Gen Malan and his co-accused sat motionless in the dock while two women survivors testified how they had hid as other people in the house were killed. But the poker faces slipped when Mr Opperman arrived. He started with his 1986 recruitment into what became known as Operation Marion (short for marionette), which was an apartheid-regime plan to use a puppet force from the Zulu Inkatha movement - the main rival to the ANC - to provoke violence among blacks.
He described the path which led from the training of 206 Inkatha soldiers to the eventual massacre. He said he received his orders from all of the former white minority government's military brass sitting before him in the dock, with the exception of Gen Malan.

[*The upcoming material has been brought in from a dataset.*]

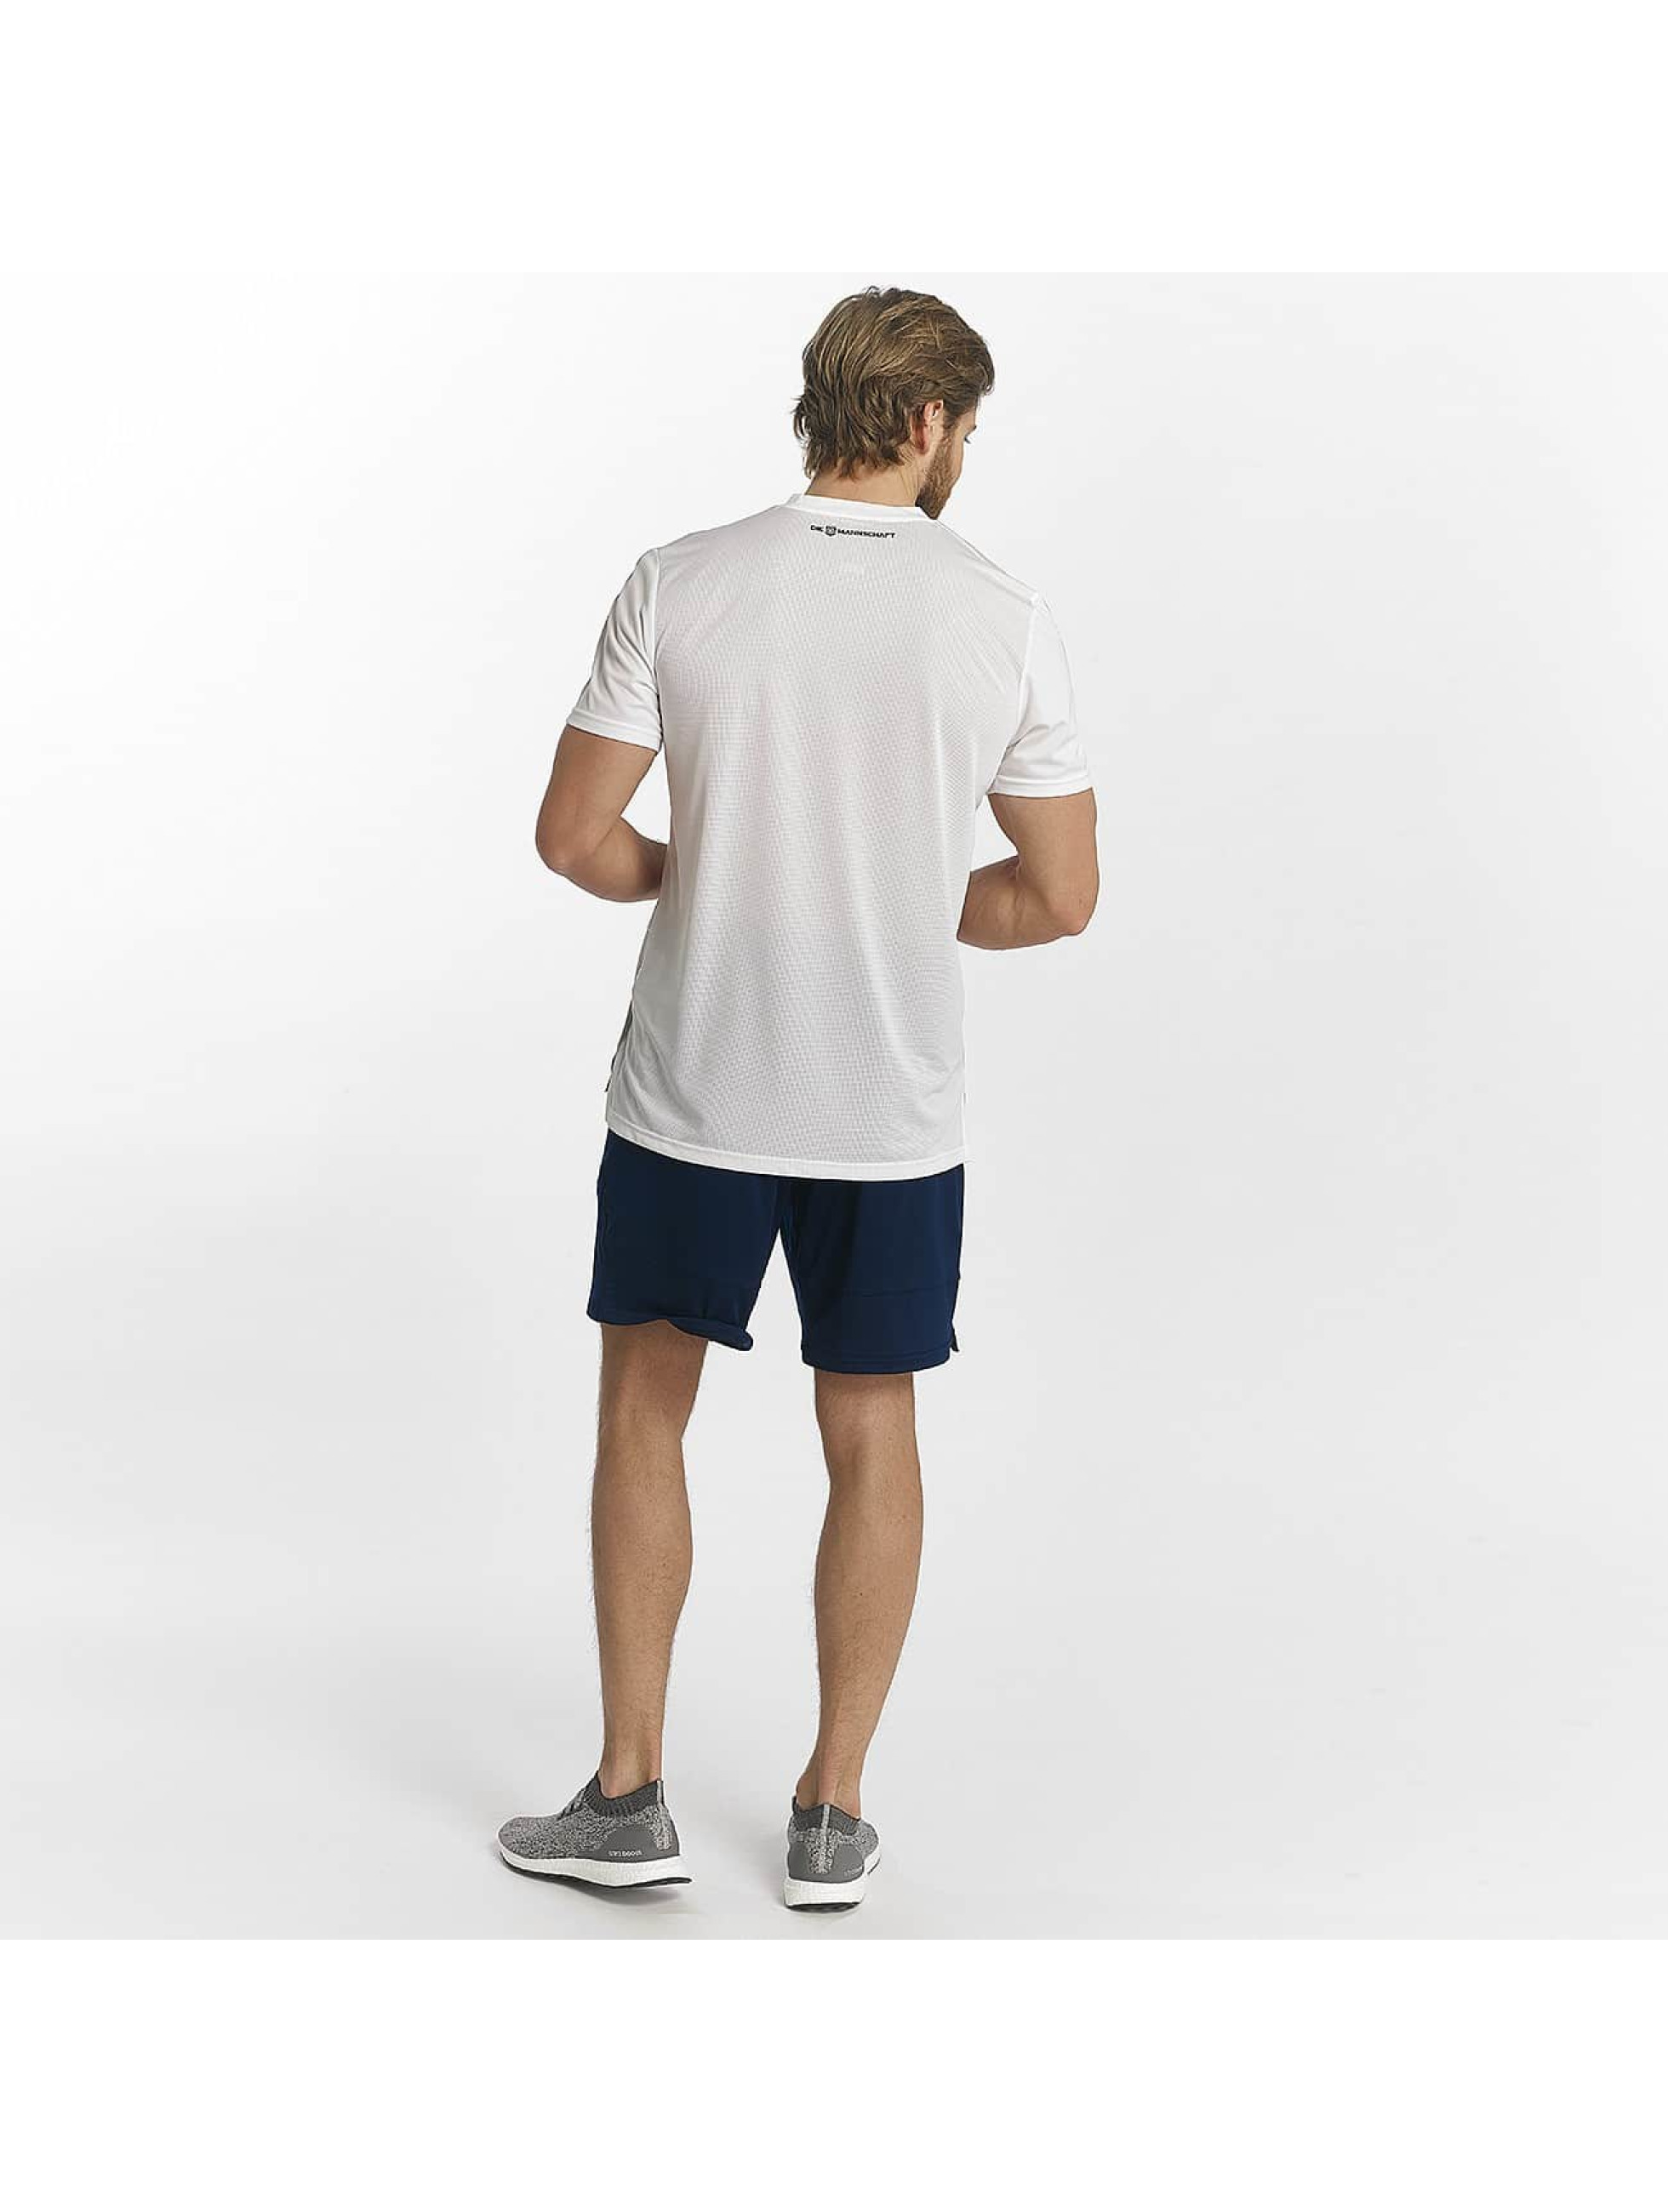 adidas Performance Jersey DFB Training white

On Thursday, he said the massacre was a "fiasco" resulting from a bad intelligence report. Even though the attack failed to hit its intended target, it was viewed as a success in the sense that it was not linked to the military. But his men were so horrified when they learned they had killed innocents that they sacrificed a goat to remove the bad spirits.
Under cross-examination Mr Opperman admitted to being a murderer, but denied being a mass murderer.
Gen Malan and all his co- defendants have pleaded not guilty to the charges against them. The trial continues.